Еще утром с Сонечкой все было в порядке, мы пили с ней вместе вчерашний лимонад, который даже в холодильнике не был, а стоял на столе! Где она умудрилась подхватить вирус? И в одиннадцать часов Алина мне позвонила обеспокоенная, сообщила, что у Сони поднялась температура до тридцати семи и девочка плохо себя чувствует, жалуется на головную боль и сильный озноб. Она сказала, что врача уже вызвала и он вот-вот приедет, я могу не переживать, все будет в порядке.
К вечеру ситуация не улучшилась.
– Стабильные тридцать семь и три, Соню знобит, кое-как покушали, – отчиталась Алина, надевая пальто. – Если ночью будет хуже, сразу же звоните врачу. У вас есть номер врача?
– Конечно, – ответил я. – Спасибо, Алина.
– Да не за что, – ответила она. – Перед сном напишите мне, пожалуйста, как состояние у Сони, ладно?
– Договорились.
Я закрыл за Алиной дверь и подошел к дочери. Сонечка лежала на кровати, закутавшись в одеяла. Она смотрела мультики, высунув один глаз, и хотя обычно Скуби Ду ее всегда веселил, сейчас из-под одеяла не раздавалось ни звука.
– Малышка, – тихонько позвал я, присев на край кровати. – Тебе что-нибудь принести?
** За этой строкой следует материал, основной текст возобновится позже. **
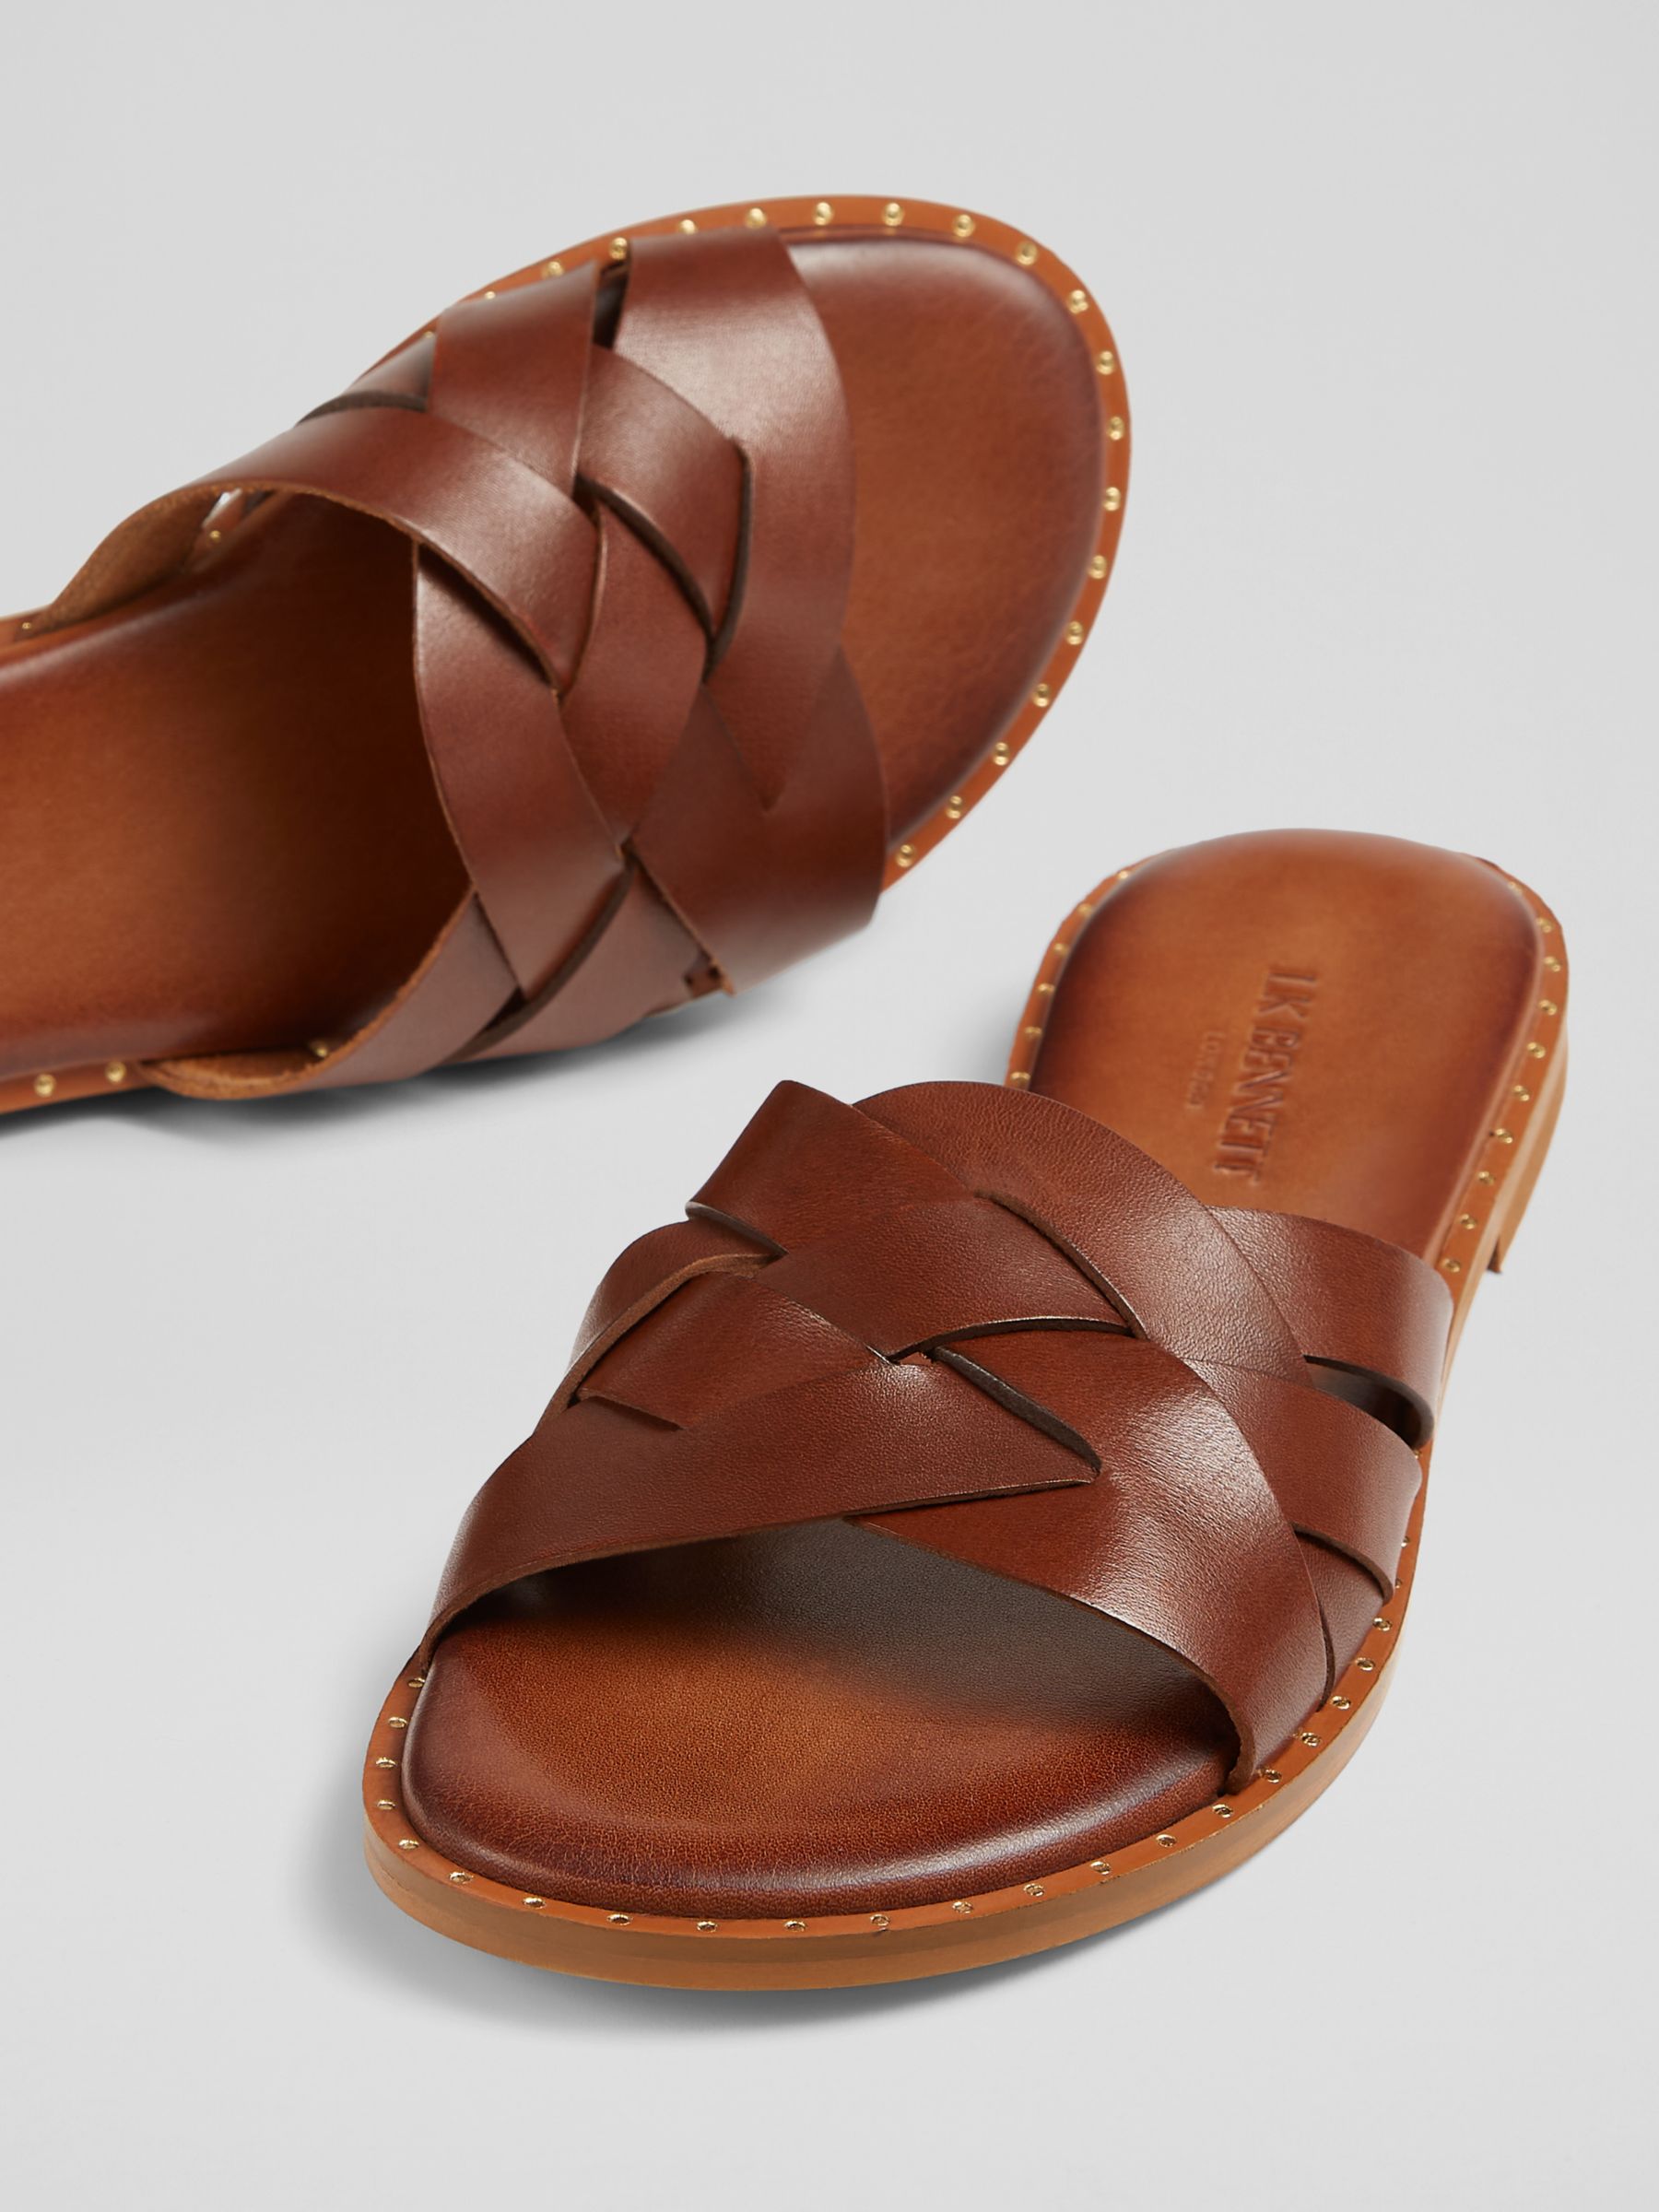 L.K.Bennett Amara Leather Flat Sandals, Tan, 4

Вкусненького? Может быть, ты хочешь сока? Или шоколадку?
– Ничего не хочу, папочка, – ответила Сонечка слабым голоском. – Мне холодно.
– Знаю, малышка, знаю, давай измерим температуру?
– Алина мерила только что, триста семь и три, – ответила Сонечка. Она всегда была чрезвычайно серьезная девчушка, даже когда путалась.
– Тридцать семь и три, – поправил я. – Температуры триста семь и три у человека не бывает.
– Ну тридцать семь и три, все равно холодно, – ответила дочь. – Я пытаюсь согреться, но не могу.
Врач строго-настрого запретил сильные жаропонижающие таблетки, поскольку они не сбивали температуру, а только давали какие-то осложнения. Алина расписала прием лекарств на листочке, который прикрепила к холодильнику, на холодильнике стояли баночки с препаратами. Я посмотрел в список, следующий прием таблеток только в девять вечера. Повезло мне, конечно, с Алиной – не няня, а мечта. Учится в педагогическом университете, умная, смышленая, любит детей, не курит, не пьет, упаси боже; денег много не просит.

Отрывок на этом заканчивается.